The Sky Weaver
The Sky Weaver
Eris’s eyes flashed. She stared down Safire for a long moment, as if deciding her next move, then looked to the pirates holding her captive. “Lock her up. Then leave us.”
The brutes secured Safire’s wrists in cold shackles attached to an iron ring in the ceiling. When the lock clicked, Safire found the chains weren’t long enough to drop her arms. She tugged, but her wrists could only come down as far as her temples.
Eris waved the men off, sending them out of the room. When the door shut and they were alone, Safire said, “You’re despicable.”
Erin walked over to a large tale where a map lay unrolled. Reaching for the pack of matches resting next to an unlit lamp, she said, “The feeling’s mutual, princess.”
The Sky Weaver is a companion novel to The Last Namsara and The Caged Queen, telling of events after those in The Caged Queen and featuring Safire, a supporting character in both earlier novels. Safire is cousin to King Dax and commandant of his army. In The Sky Weaver, she tries to catch Eris, a bold thief with a mysterious ability to get into and out of the most inaccessible places. Eris works for the pirate Jemsin who will grant Eris her freedom if she brings him the king’s sister, Asha.
While chasing Eris, Safire is captured and imprisoned on Jemsin’s ship. In the course of a shipwreck and capture by a rival pirate, Eris saves Safire’s life more than once, but Safire is unable to trust her, and, when Dax shows up, Eris becomes their prisoner. They all journey to the Star Isles, where Dax hopes the empress Leandra will give aid to his drought-stricken people. Eris is a fugitive from Leandra’s army, accused of a horrible crime, and Safire has to choose between turning Eris over to Leandra to gain the empress’s favour, or believing in Eris’s innocence and helping her escape. Meanwhile Eris is still being pressured to use Safire to find Asha. Eris and Safire’s growing attraction to each other complicates the matter.
Interludes between Eris and Safire’s stories tell a tale of a shadow god who falls in love with a mortal woman. Ultimately, Eris learns that she is the daughter of their union and that Leandra is actually a sea goddess who tried to kill her mother and imprisoned her father. Safire saves Eris from Leandra, and Eris releases the Shadow God from his prison.
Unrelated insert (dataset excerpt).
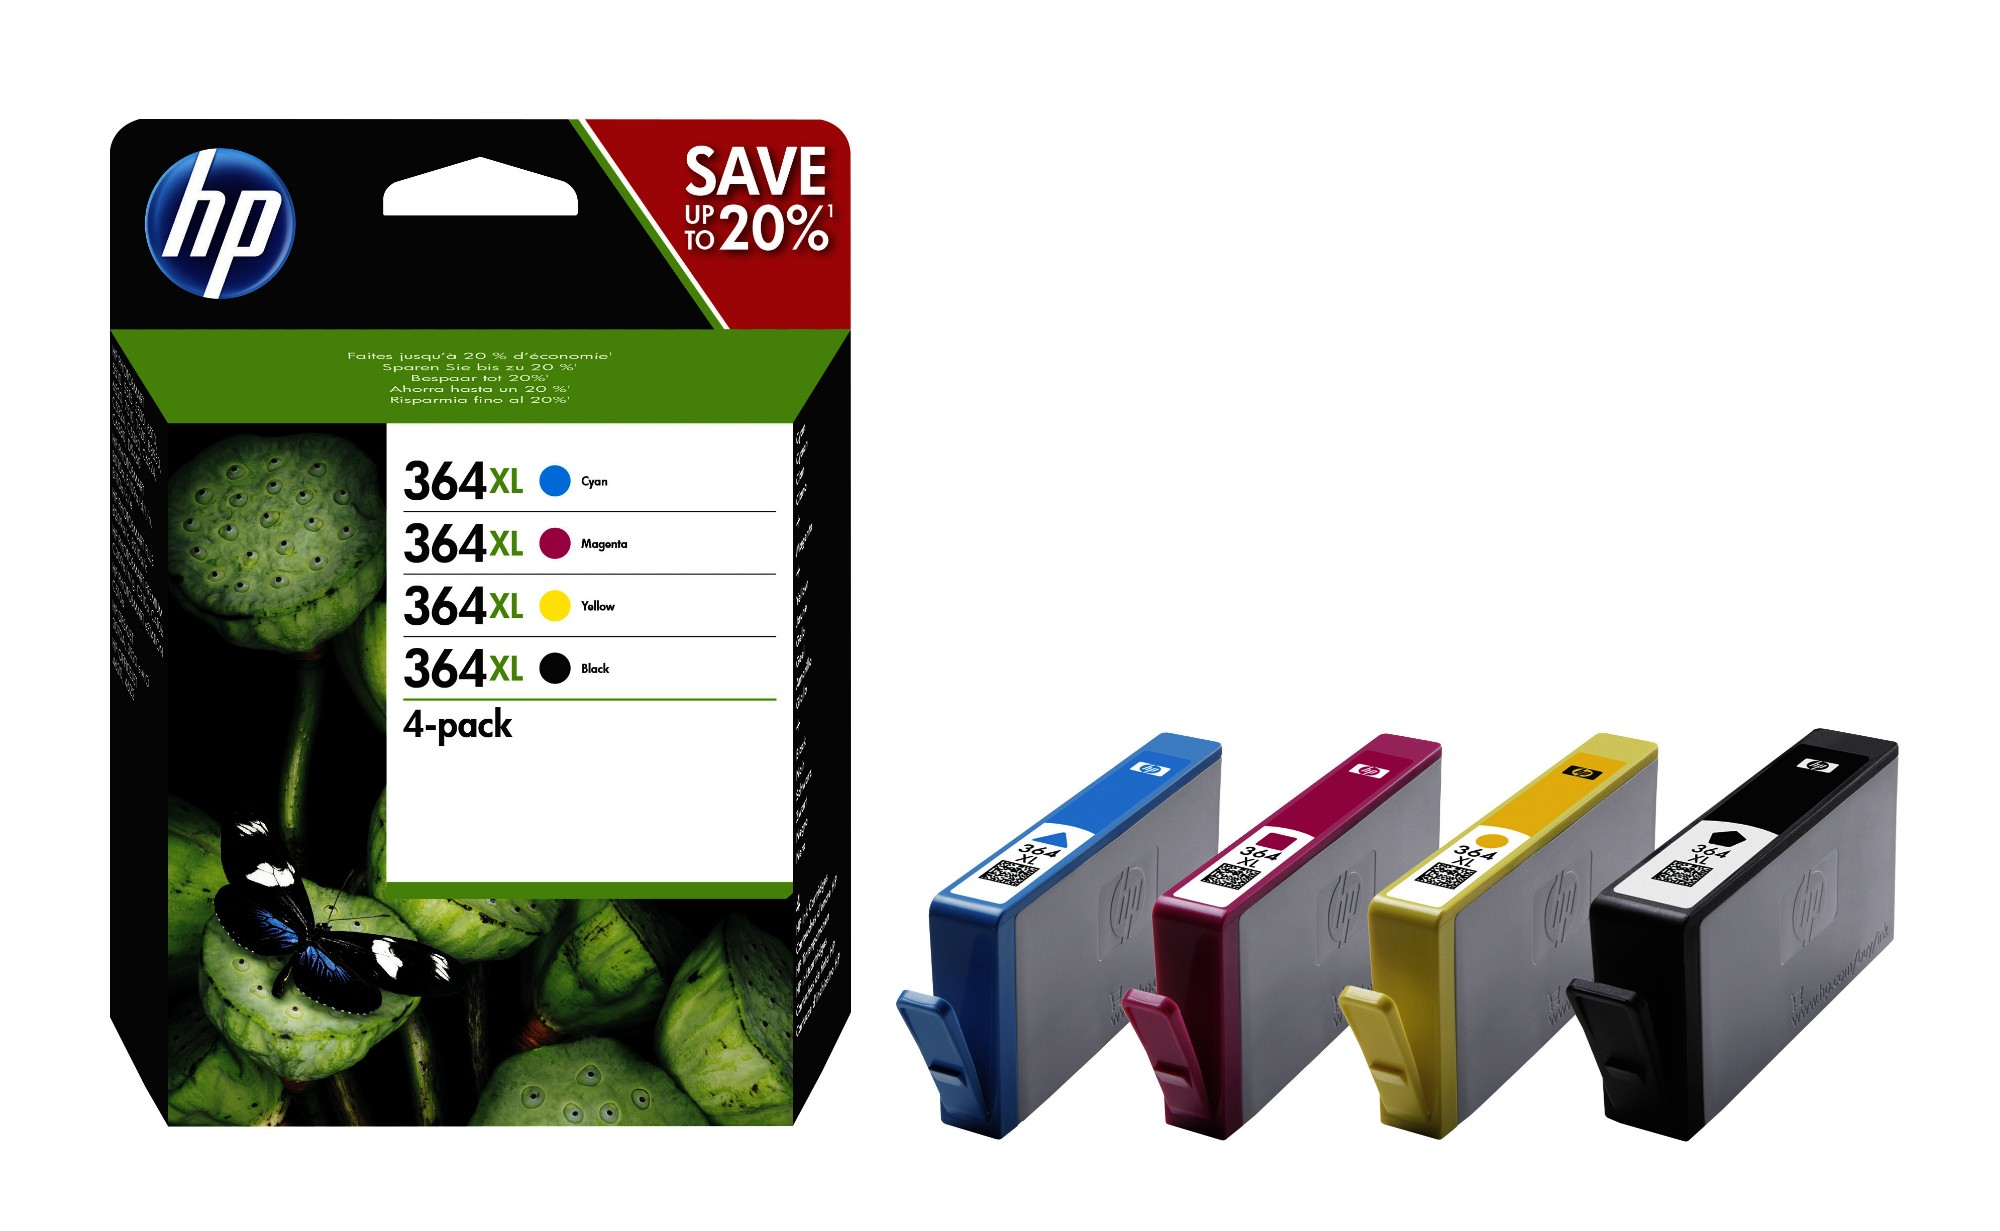 HP 364XL 4-pack High Yield Black/Cyan/Magenta/Yellow Original Ink Cartridges Negro, Cian, Magenta, Amarillo

The mythology and politics of The Sky Weaver are background to the hate-to-love story between two fierce and broken women who learn to trust each other despite their circumstances. The tension and fascination between Safire and Eris progress believably to passion, and the conflict between their love for each other and their opposing agendas makes for a compelling plot.
Leandra is not a fully-developed antagonist; her motivations are dictated by plot requirements, and the connection between her jealousy as a goddess and her machinations as a political ruler is not convincingly fleshed out. Jemsin is more interesting and frightening, but he disappears from the plot halfway.
Eris is an enjoyable character who compels sympathy as the arrogant thief with a tortured past who finally learns her true identity. She is believably amoral when her goal is survival, and the reader roots for her to choose loyalty to Safire while completely understanding her need to betray her.
Safire is also tortured by her past, and her interactions with Eris prod her in all the wrong places, making her defensive and self-doubting, but her inner moral compass convinces her that Eris might be right. Her conflicting loyalties are well played-out and her final decision to stand up for Eris is satisfying.
The magic of Eris’s ability to move “across” from place to place is well-developed and fits nicely into the mythology. It becomes a convincing symbol of her character growth when she realizes she no longer needs the prop of her magic spindle to transfer between places.
Two well-drawn and sympathetic heroines, believable interpersonal conflicts and a compelling love story make The Sky Weaver the strongest installment yet in this series of connected novels. The Sky Weaver can stand alone, but readers of The Last Namsara and The Caged Queen will enjoy seeing their favourite characters show up again.
Kim Aippersbach is a writer, editor and mother of three in Vancouver, British Columbia.